Быстро обходя торопящийся торговый люд, чьи кошельки были надежно спрятаны от неуклюжего карманника, парень приблизился к цели. Быстрый шаг вперед, и вот приятно звякнувший мешочек оказывается в руке Пати. Теперь надо поскорее исчезнуть, пока незадачливый странник не обнаружил пропажу и не кликнул стражу, яростно желающую поймать воришку за руку. Рыжий паренек, сжимая в ладони мягкую кожу, уже видел горячий кусок мяса со свежим хлебом и чаем, как вдруг почувствовал, что что-то идет не так.
Неожиданно сильный захват дроу сковал руку Пати.
— Ну и что мы имеем? Малолетнего вора-карманника, пойманного с поличным. Интересно, что мне делать? Сдать тебя страже?
Пати смотрел в холодное золото глаз и понимал, что этот шутить не будет. И попытка давить на жалость вряд ли пройдет так же легко, как обычно...
— Или просто переломать пальцы? — необыкновенно красивый голос, обволакивал, зачаровывал, но вот откровенный холод в словах и глазах, пугал до дрожи в коленках.
Так же спокойно глядя на парня, незнакомый странник начал сжимать пальцы.
— Нет, пожалуйста, я прошу, не надо... — захныкал Пати, понимая, что со сломанными пальцами он просто умрет от голода в ближайшей канаве, ведь найти работу для бездомного десятилетнего мальчишки в городе абсолютно нереально.
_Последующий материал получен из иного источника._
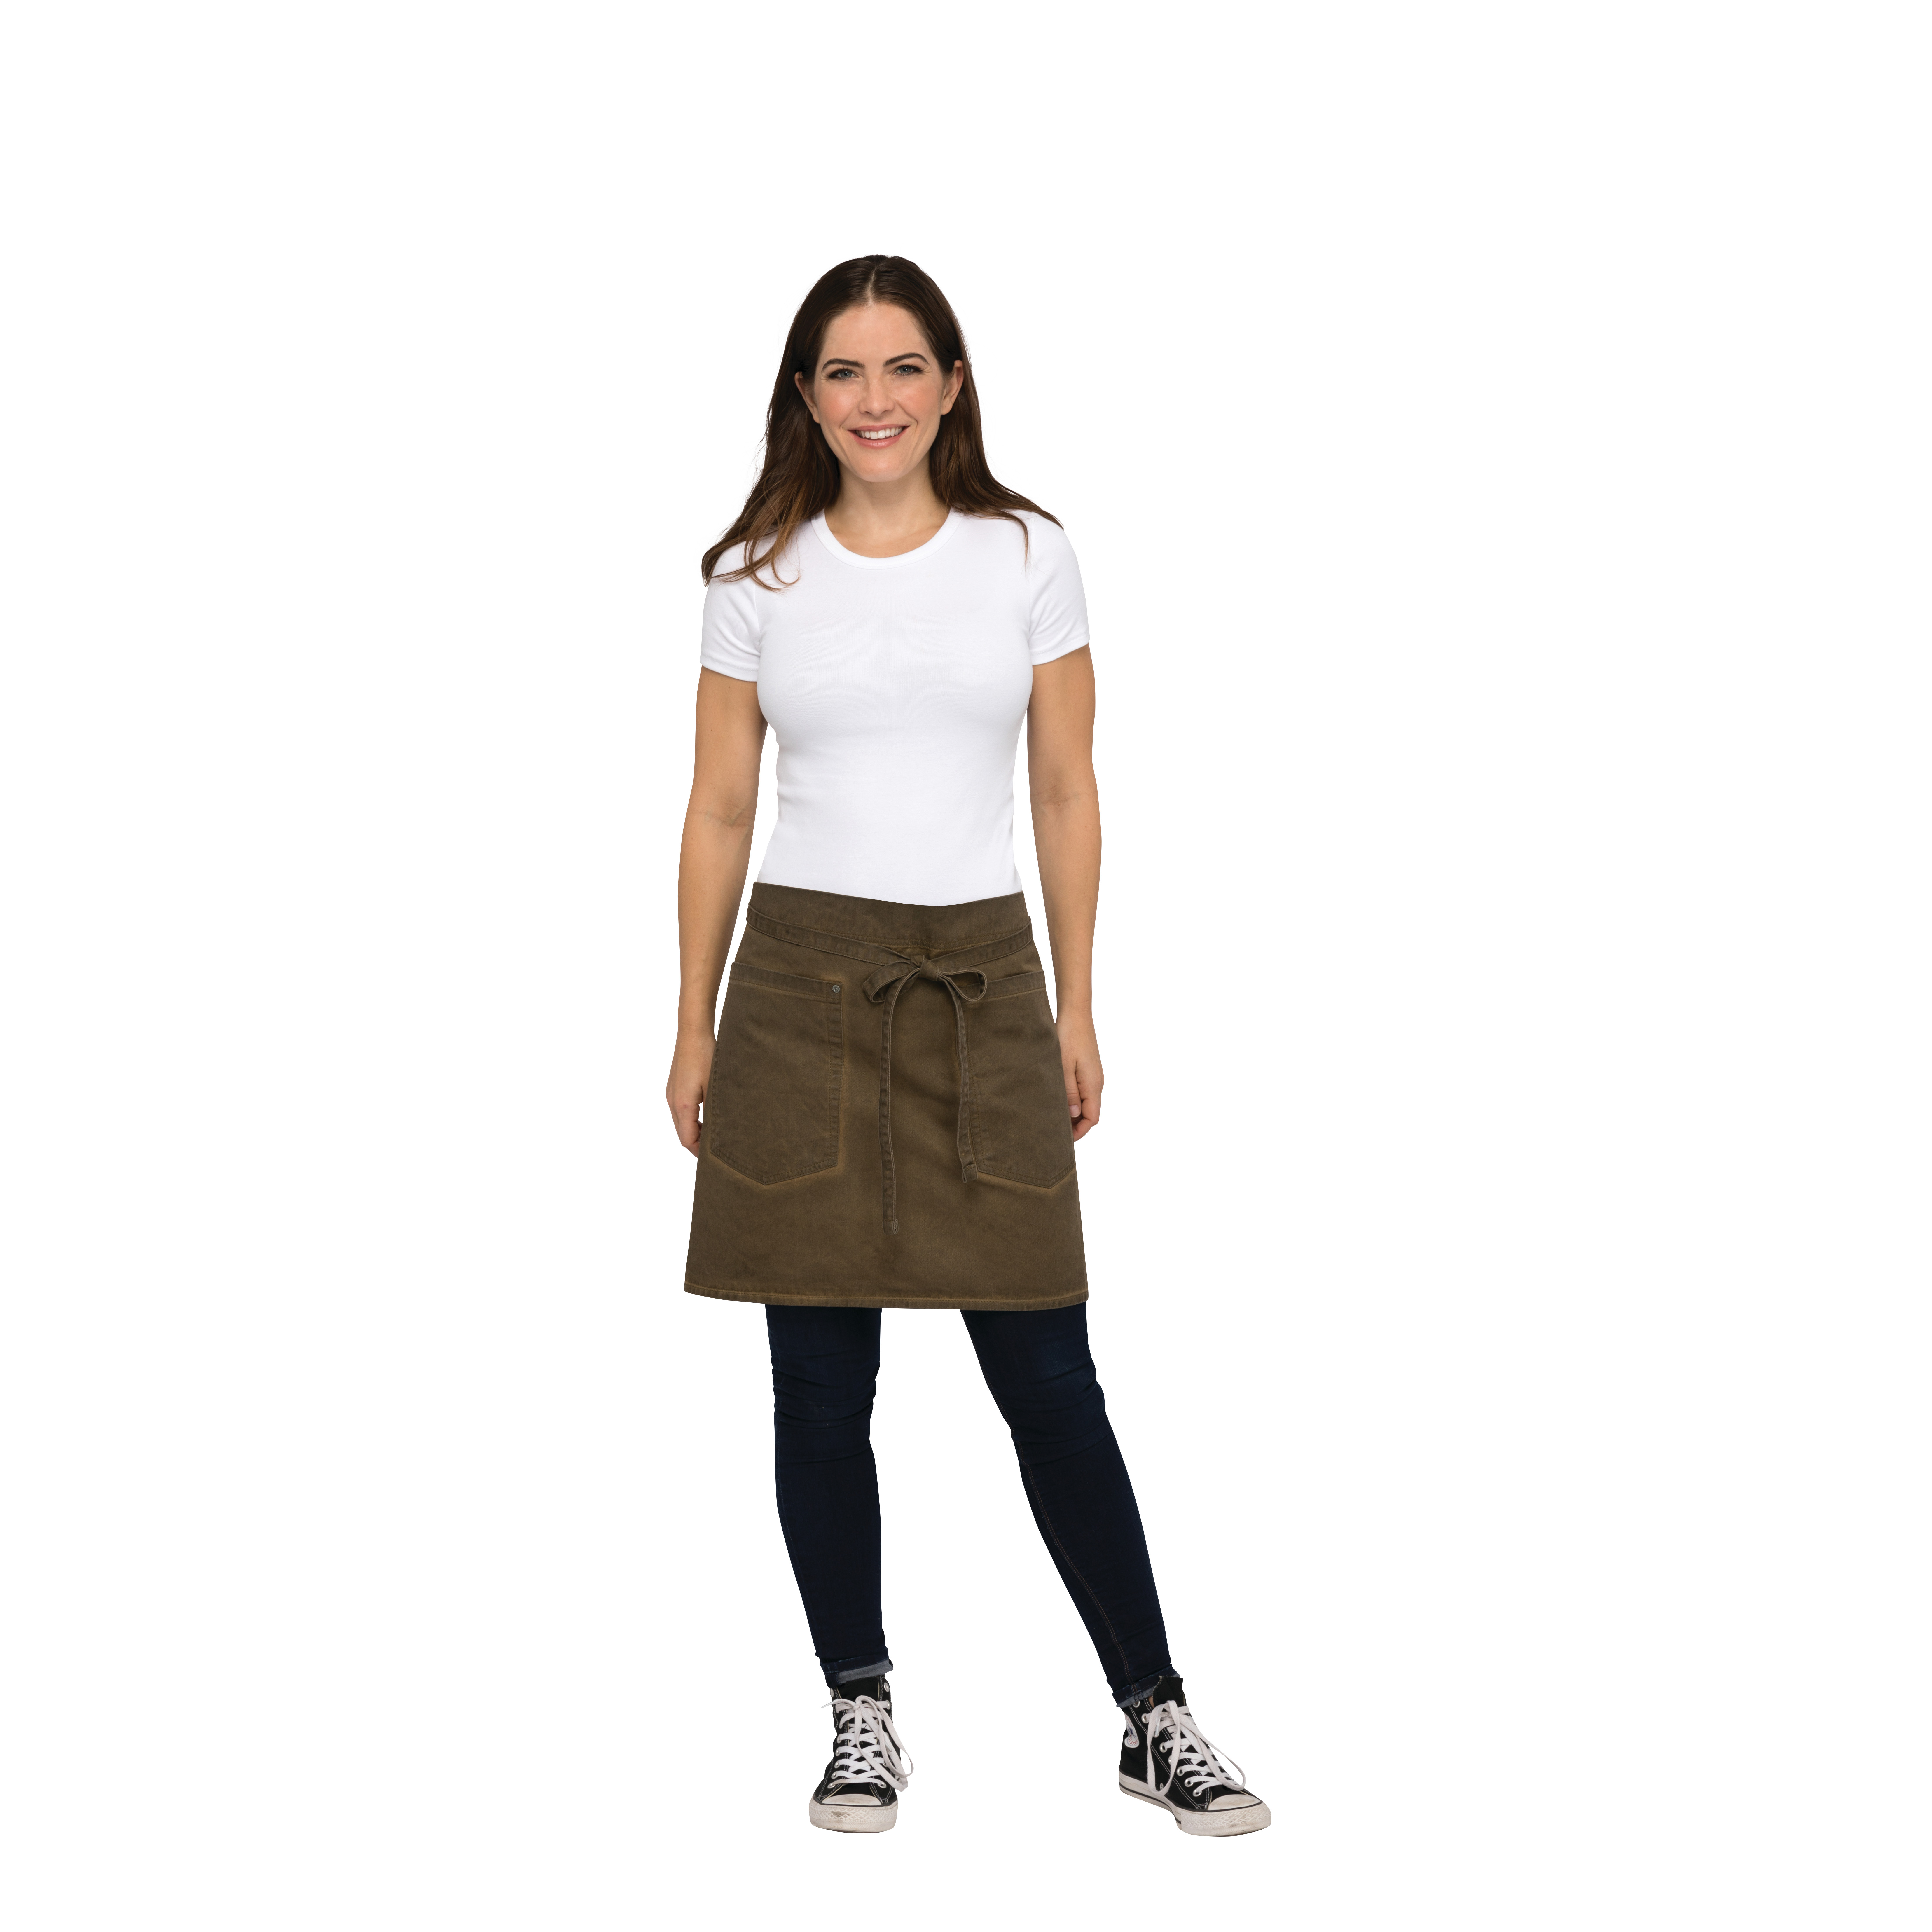 Chef Works AHWAQ014GBN0 waist apron

Полукровка остановился и разжал пальцы. Затем, пожав плечами, произнес негромко:
— Эх, парнишка, никогда не делай то, чего не умеешь. В следующий раз тебе может попасться и не такой добрый, как я.
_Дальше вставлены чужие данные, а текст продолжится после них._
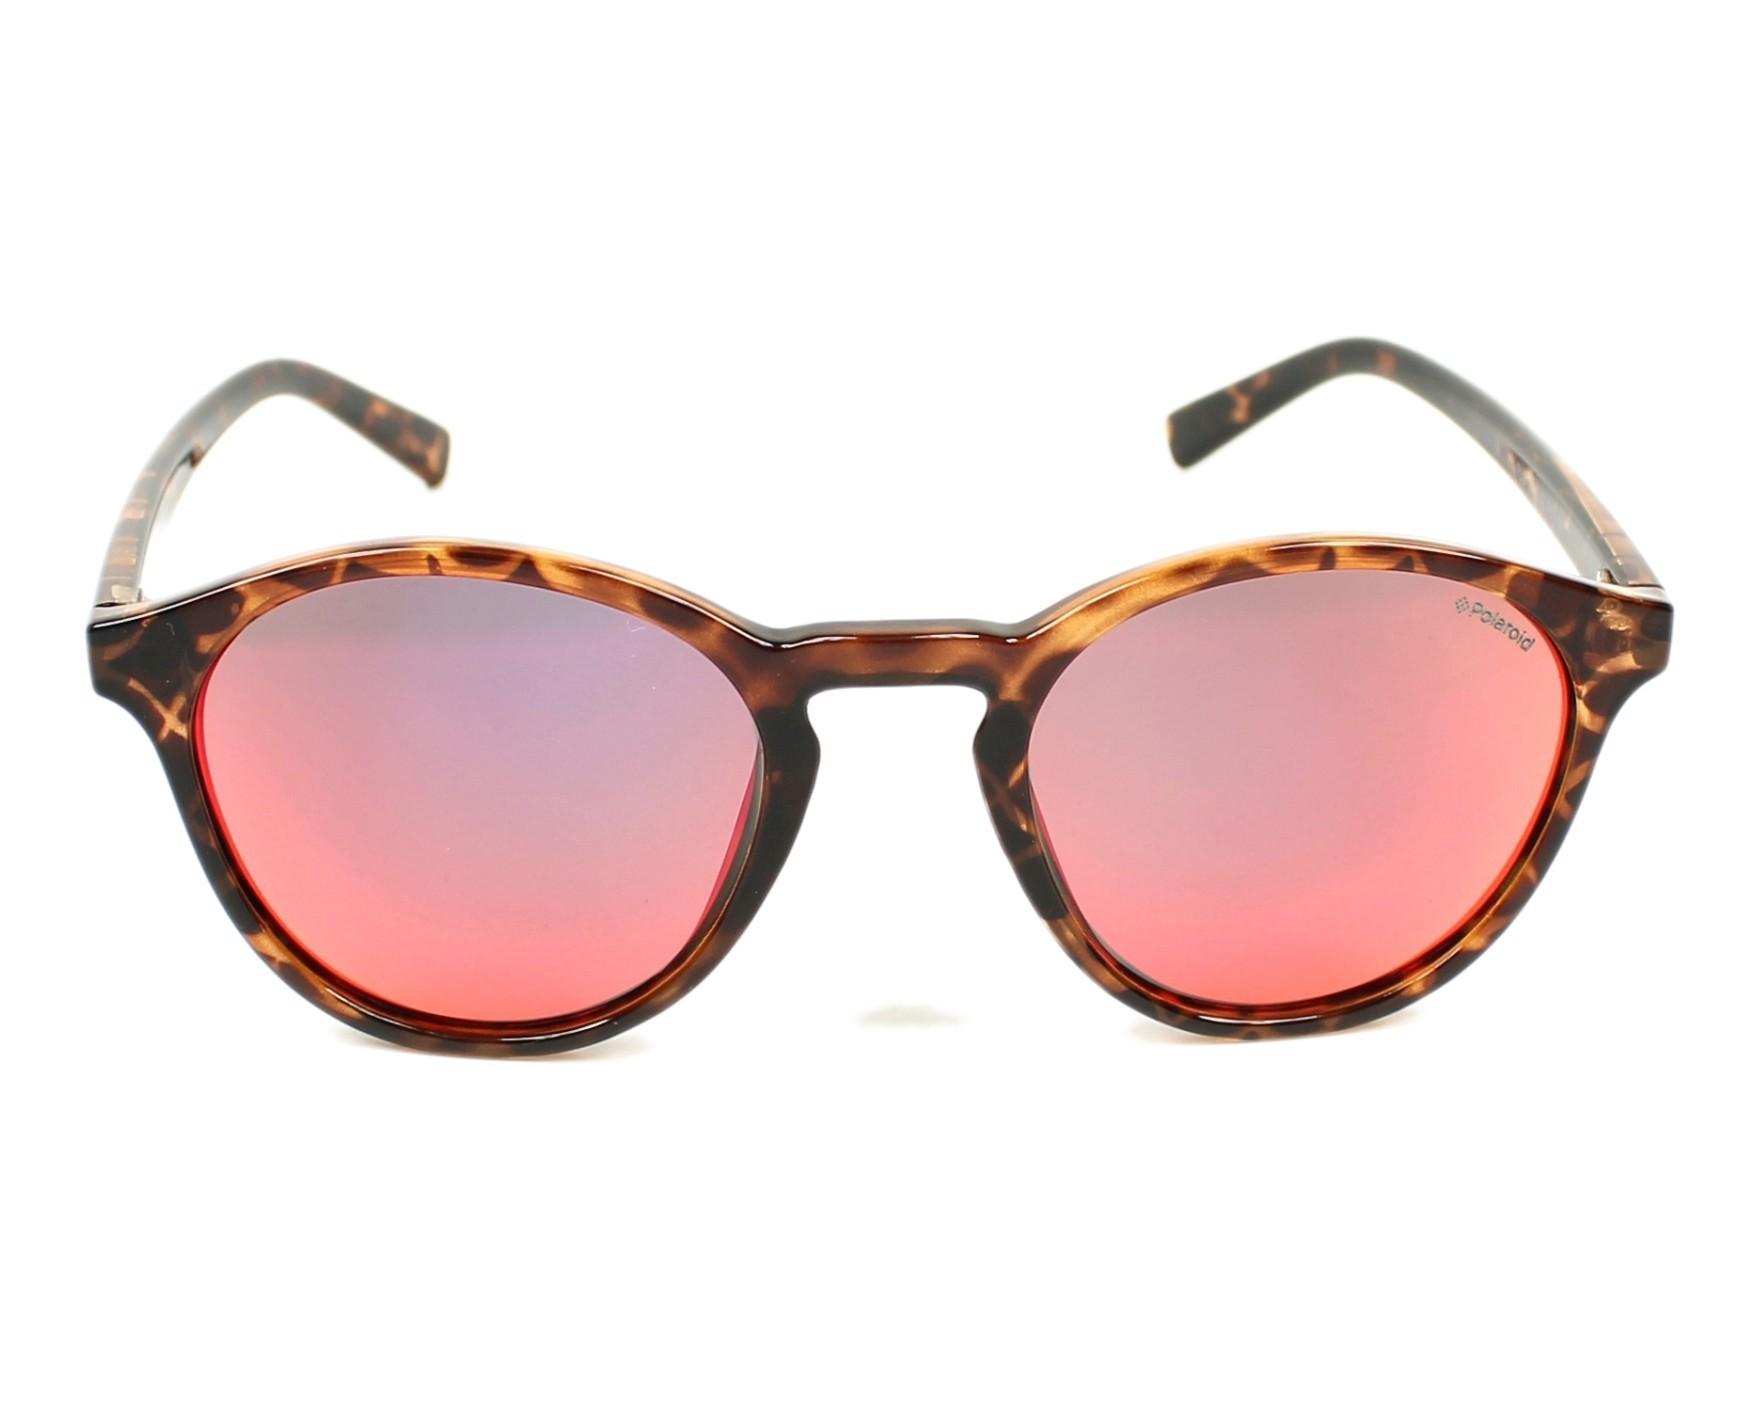 397761191d7 Sunglasses Polaroid PLD-6013-S PPT OZ 50-22 Havana front view

Улыбнувшись, странно добрый дроу проскользнул в двери таверны, оставив на ладони мальчика две медные монеты.
В недоумении хмыкнув и недоверчиво проверив кругляшки, карманник устремился прочь от площади, стремясь сбежать от призрака нереально желтых глаз, которые, казалось, проникали в самую душу.
И почему-то подумалось мальчишке, что он еще не раз увидит этого странника.
Таверна "За решеткой"
Фури, воро... официантка.
Когда в дверь вошел незнакомый путник, Фури сразу же поняла, что грядут огромные неприятности, хотя бы потому, что он был бардом. Нет, не то, что бы девушка не любила певцов. Нет, иногда послушать талантливого менестреля, было совсем неплохо. Только вот характер пришлых... Без царя в голове, рассеянные парни с гитарой за плечами и пустыми карманами, они всегда умудрялись вляпаться во все мыслимые и немыслимые неприятности, причем, походя, вовлекут в них и окружающих. В общем, если в твой трактир пришел очередной менестрель — жди беды. А ее бывшая воровка чувствовала всем телом. В ее далеко не образцовом прошлом, эта способность не раз спасала ей жизнь, свободу и... деньги. А их она любила.
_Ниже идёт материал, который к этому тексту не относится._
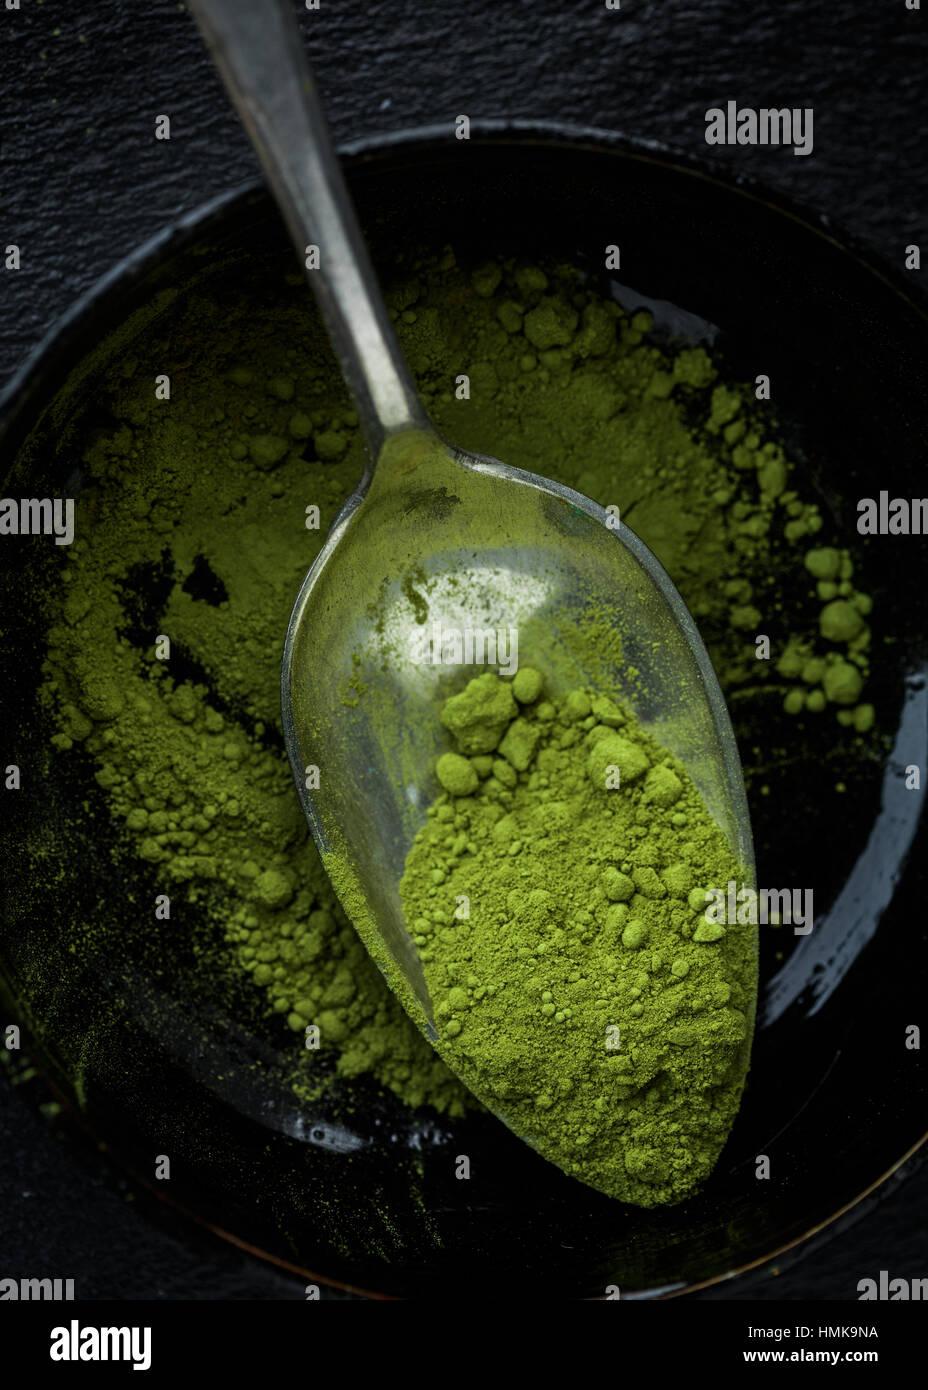 Directly above shot of matcha tea powder on spoon Stock Photo

Фури была профессионалом. Воровала она с детства, и, надо признать, получалось у нее прекрасно, ее ремесло доставляло ей истинное удовольствие. По крайней мере, до того как решила забрать симпатичненький перстенек у заезжего барда. Это уже потом она узнала, что он был из племени варваров... В тот проклятый вечер она едва не лишилась пальцев и загремела на пару лет в тюрьму. Ей тогда было только пятнадцать. Именно с тех пор она невзлюбила певцов.
Но личная неприязнь Фури была только половиной беды. Второй была внешность незнакомца. За три года работы в трактире на перекрестке четырех Великих путей, девушка с легкостью отличала одну расу от другой, но он... Веселившийся в компании наемников парень, явно был полукровкой и так же очевидно, что один из его родителей был дроу — об этом говорила его матово-черная кожа и обманчиво плавные движения. Но вот другой родитель...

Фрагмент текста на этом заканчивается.